Insurance Sector Reforms in India
On December 16, 2025, the Lok Sabha passed a significant Bill amending insurance laws, focusing on increasing foreign direct investment (FDI) limits in the insurance sector and other key changes.
Key Amendments Proposed
- FDI Increase: The Bill proposes raising the FDI limit in the insurance sector from 74% to 100%. This aims to attract more capital, enhance technology, and improve insurance products.

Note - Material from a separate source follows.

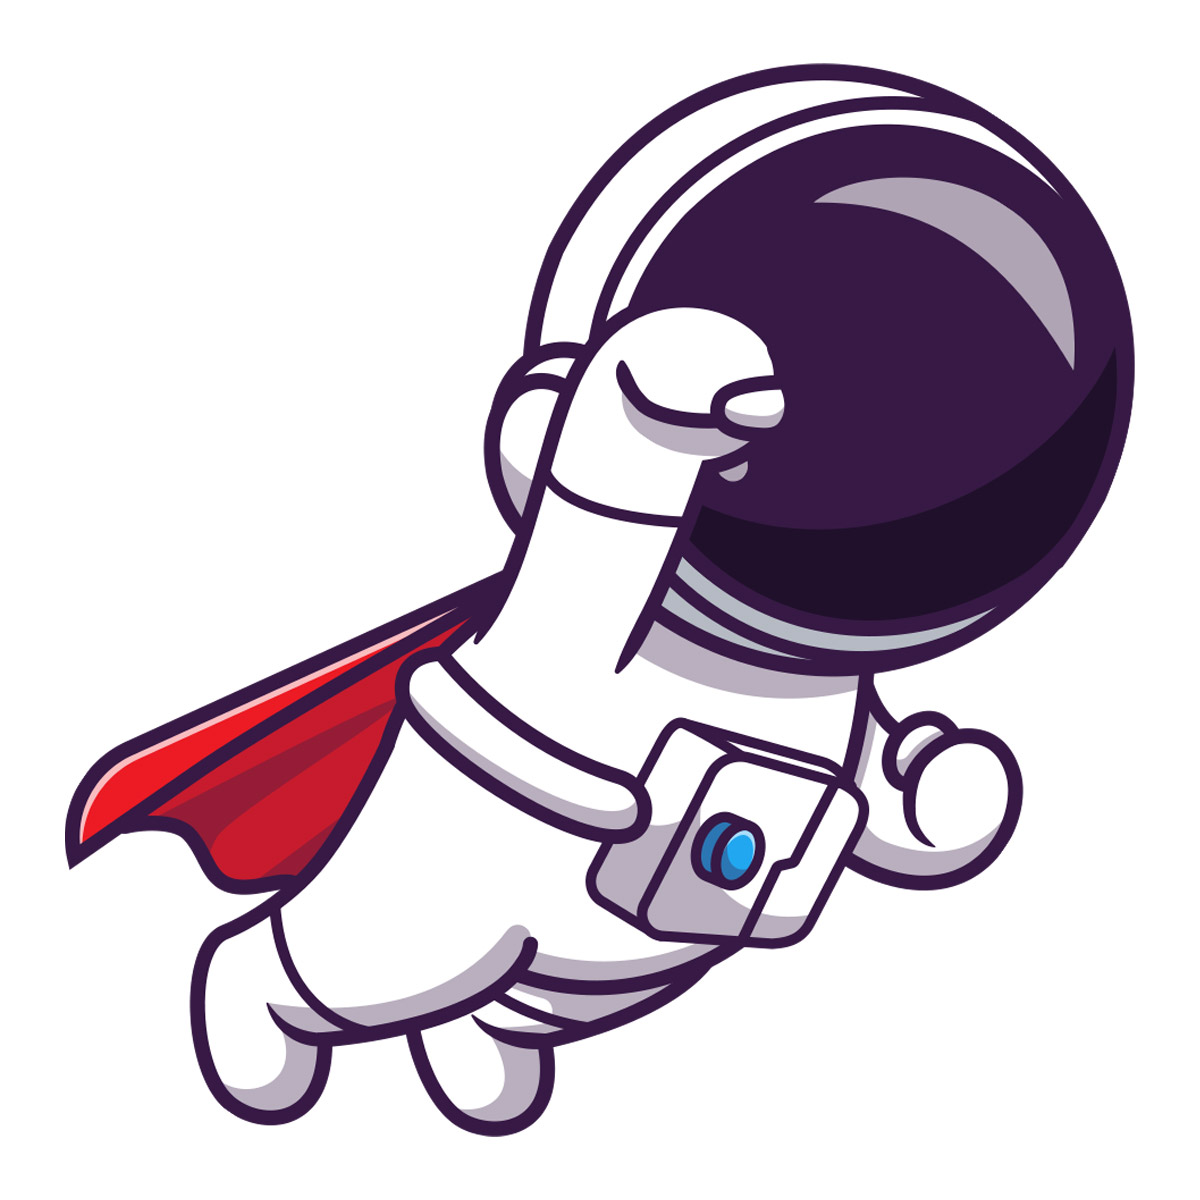 Adesivo de Parede - Astronauta Super-herói

- Amendments to Laws: Changes are proposed to the Insurance Act, 1938; the Life Insurance Corporation Act, 1956; and the Insurance Regulatory and Development Authority Act, 1999. All Indian laws will apply to foreign entities as well.
- Net Owned Fund Requirement: The required net owned fund for foreign reinsurance branches is reduced from ₹5,000 crore to ₹1,000 crore to encourage more reinsurers to enter the Indian market.
Government Initiatives and Impacts
- Public Sector Insurance Strengthening: ₹17,450 crore infused into three public sector general insurance companies to bolster their capital base.
- Growth Statistics: The number of insurers increased from 53 in 2014-15 to 74 in 2024-25. Insurance premiums rose from ₹4.15 lakh crore to ₹11.93 lakh crore, and assets under management grew from ₹24.20 lakh crore to ₹74.43 lakh crore.
Empowerment and Penalties
- LIC Autonomy: The Bill grants Life Insurance Corporation (LIC) the autonomy to open zonal offices and align with foreign regulatory compliance.
- IRDAI Empowerment: The insurance regulator can now disgorge wrongful gains from insurers and intermediaries. Penalties for non-compliance by intermediaries increased from ₹1 crore to ₹10 crore.
Industry Perspectives
- Global Participation Benefits: The Bill is expected to bring long-term investment, global expertise, and improved customer experience, expanding insurance coverage and creating jobs.